▸ **Task**
Once the line containing "Inside Out Crewneck" is found in the data below, output that line and every line after it through the last, unchanged and with nothing else.

= Beginning of Section =

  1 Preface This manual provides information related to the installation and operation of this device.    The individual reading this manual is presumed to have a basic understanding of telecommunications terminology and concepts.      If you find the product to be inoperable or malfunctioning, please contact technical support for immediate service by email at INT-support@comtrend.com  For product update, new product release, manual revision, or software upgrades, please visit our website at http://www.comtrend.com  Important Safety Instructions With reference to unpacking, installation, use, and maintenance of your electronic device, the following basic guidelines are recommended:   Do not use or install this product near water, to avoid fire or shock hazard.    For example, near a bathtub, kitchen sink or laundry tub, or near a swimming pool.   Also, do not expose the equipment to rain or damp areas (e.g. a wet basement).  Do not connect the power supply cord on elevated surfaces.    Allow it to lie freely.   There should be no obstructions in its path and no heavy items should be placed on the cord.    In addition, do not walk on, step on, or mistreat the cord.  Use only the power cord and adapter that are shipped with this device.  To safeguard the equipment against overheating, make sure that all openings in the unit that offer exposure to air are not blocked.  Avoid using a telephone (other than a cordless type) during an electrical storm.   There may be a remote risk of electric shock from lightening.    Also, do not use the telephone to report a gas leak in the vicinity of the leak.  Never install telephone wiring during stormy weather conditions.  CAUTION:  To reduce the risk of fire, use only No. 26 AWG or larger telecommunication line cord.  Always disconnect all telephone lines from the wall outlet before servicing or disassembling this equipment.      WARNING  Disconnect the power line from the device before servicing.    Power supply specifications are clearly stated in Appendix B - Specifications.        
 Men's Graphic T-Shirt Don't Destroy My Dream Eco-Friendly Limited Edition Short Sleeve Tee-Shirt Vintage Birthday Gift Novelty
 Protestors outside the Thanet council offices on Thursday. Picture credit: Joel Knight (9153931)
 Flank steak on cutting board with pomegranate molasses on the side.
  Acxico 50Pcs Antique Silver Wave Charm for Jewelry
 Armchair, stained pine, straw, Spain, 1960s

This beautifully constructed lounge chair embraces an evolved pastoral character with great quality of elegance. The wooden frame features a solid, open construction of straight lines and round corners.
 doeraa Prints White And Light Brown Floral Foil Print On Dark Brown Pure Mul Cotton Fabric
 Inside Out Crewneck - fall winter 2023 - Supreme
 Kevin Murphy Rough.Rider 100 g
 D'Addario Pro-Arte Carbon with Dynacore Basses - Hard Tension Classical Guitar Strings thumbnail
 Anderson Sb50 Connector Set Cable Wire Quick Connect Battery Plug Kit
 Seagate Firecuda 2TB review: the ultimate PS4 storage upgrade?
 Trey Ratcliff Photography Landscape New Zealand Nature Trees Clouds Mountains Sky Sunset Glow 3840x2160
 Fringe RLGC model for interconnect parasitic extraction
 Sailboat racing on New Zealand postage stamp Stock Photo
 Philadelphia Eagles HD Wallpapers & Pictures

= End of Section =

▸ **Final answer**
 Inside Out Crewneck - fall winter 2023 - Supreme
 Kevin Murphy Rough.Rider 100 g
 D'Addario Pro-Arte Carbon with Dynacore Basses - Hard Tension Classical Guitar Strings thumbnail
 Anderson Sb50 Connector Set Cable Wire Quick Connect Battery Plug Kit
 Seagate Firecuda 2TB review: the ultimate PS4 storage upgrade?
 Trey Ratcliff Photography Landscape New Zealand Nature Trees Clouds Mountains Sky Sunset Glow 3840x2160
 Fringe RLGC model for interconnect parasitic extraction
 Sailboat racing on New Zealand postage stamp Stock Photo
 Philadelphia Eagles HD Wallpapers & Pictures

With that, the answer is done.